It's Our City. Let's Fix It Now...Before It's Too Late!
When Norm Rice was elected Mayor of Seattle in 1989, downtown Seattle was a mess. Crime was rampant, and major retailers were struggling. Rice made the effort to revitalize downtown the centerpiece of his mayoral agenda, and it was a major success.
Later in 2005-06, the City failed to follow the lead of Councilmember Peter Steinbrueck and the recommendations of expert land-use planning consultants from Vancouver, B.C. to secure the conditions for fair and lasting residential development standards for downtown Seattle. Consequently, today we have a “wild west” style residential high-rise building boom with virtually no rules to do it right.
If that were not dangerous enough, we have the current Mayor piling on with his short-sighted plan for affordable housing, designed to cash in on the current building boom (for which he is probably too late) by proposing upzoning to allow even larger residential buildings with still no livability protections (such as reasonable tower spacing and alley setbacks) for downtown residents.
All downtown residents should be aware of the risks to downtown’s future and to their livability if changes are not made, and made now, to what the Mayor is proposing.
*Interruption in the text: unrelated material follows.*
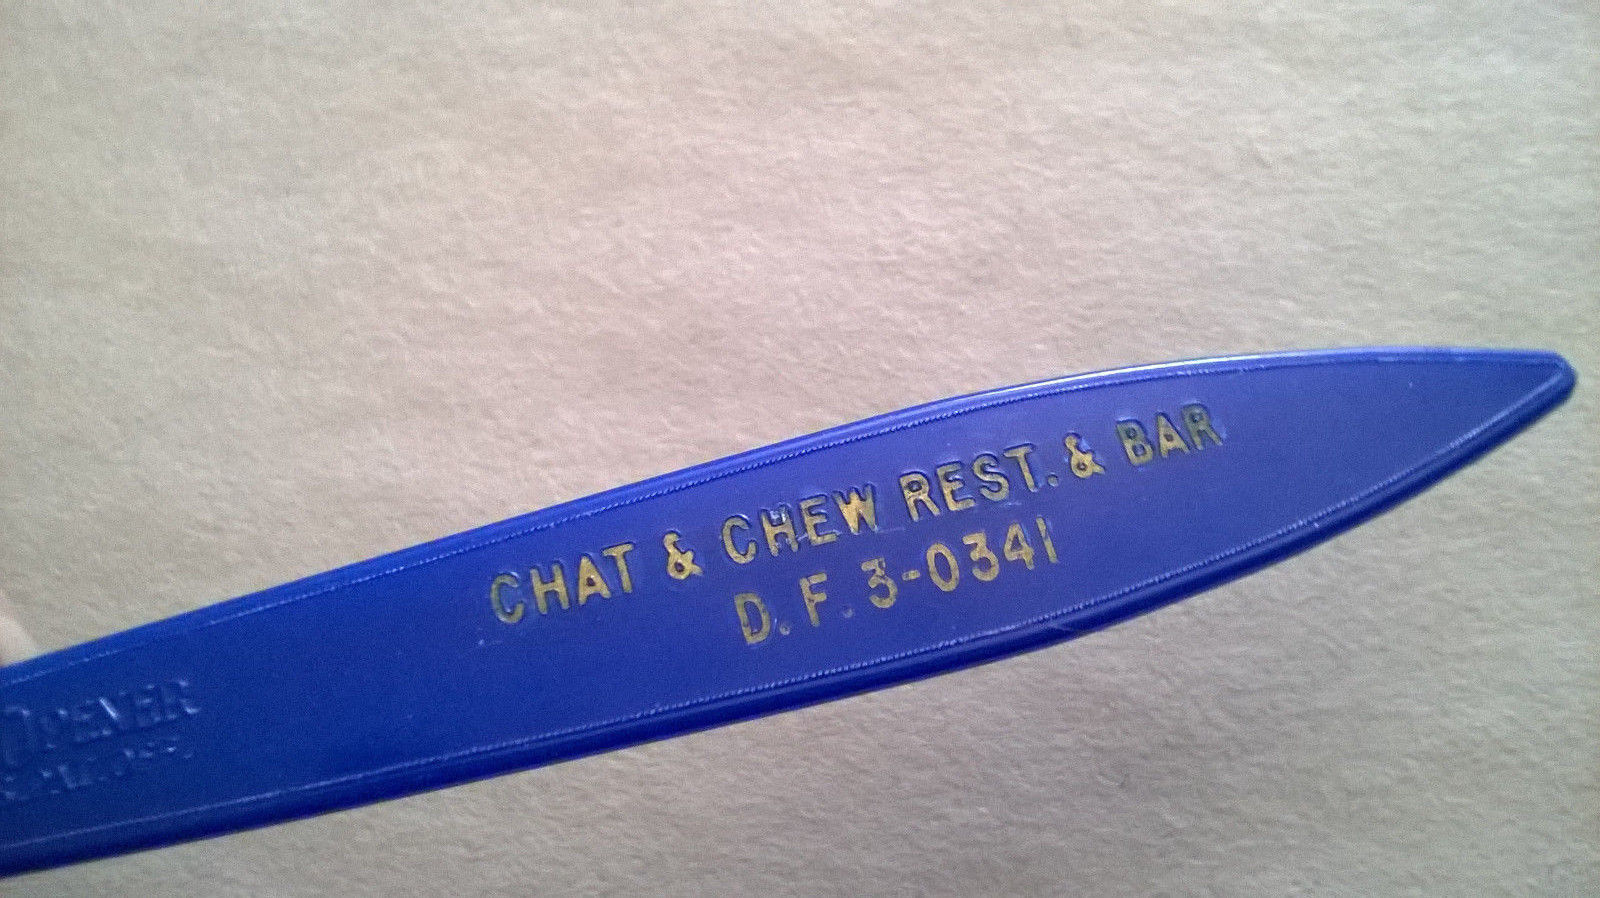 Primary image for Chat & Chew Restaurant Bar Plastic Letter Opener 5 digit phone # NO Location 
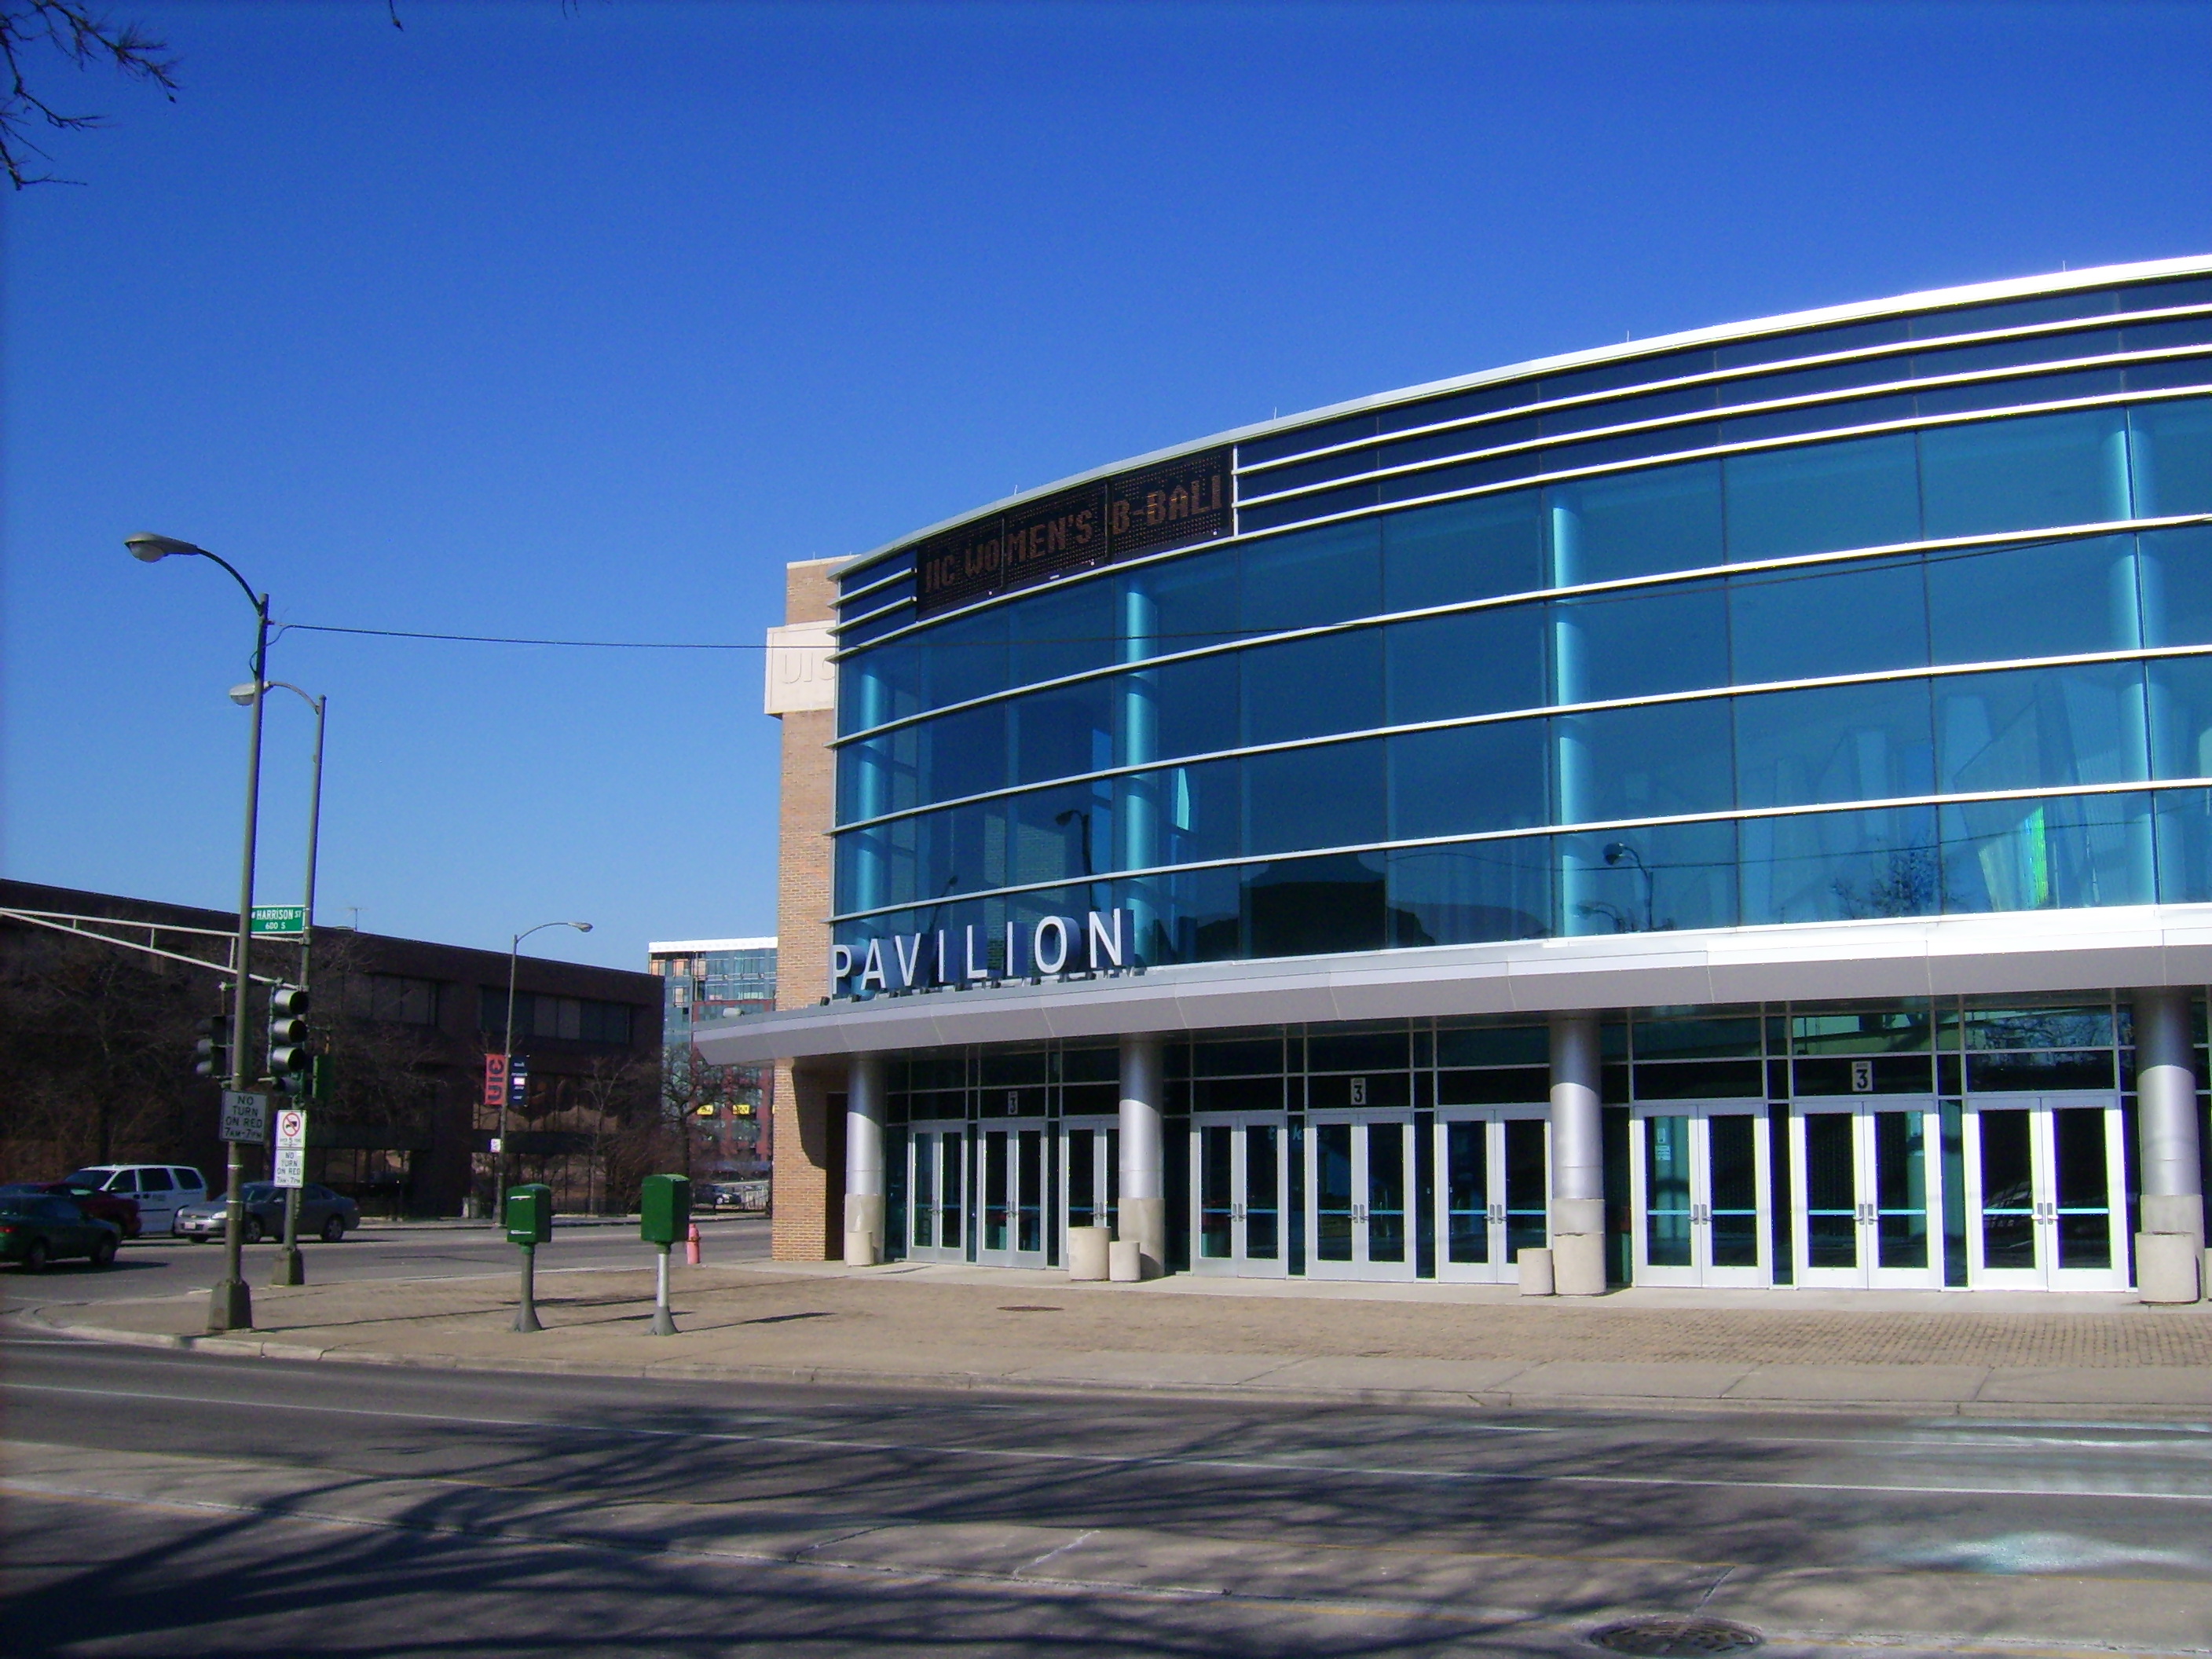 Credit Union 1 Arena at UIC - Chicago | Tickets, Schedule, Seating

Downtown Seattle won’t be a place that people want to live if the City continues to erode livability by allowing taller and fatter residential high-rises closer together without adequate light, air, and privacy. That is a recipe for disaster for the future of Seattle, because it will “kill the goose that lays the golden egg” for funding affordable housing
However, if residential development standards such as tower spacing and alley setbacks are included in the Mayor’s affordable housing legislation, we will save downtown Seattle for another generation of residents, maintain development capacity for developers, and provide the funding for Affordable Housing.
If you agree, please speak up. Tell Mayor Murray, Councilmember Sally Bagshaw, and the media what you think.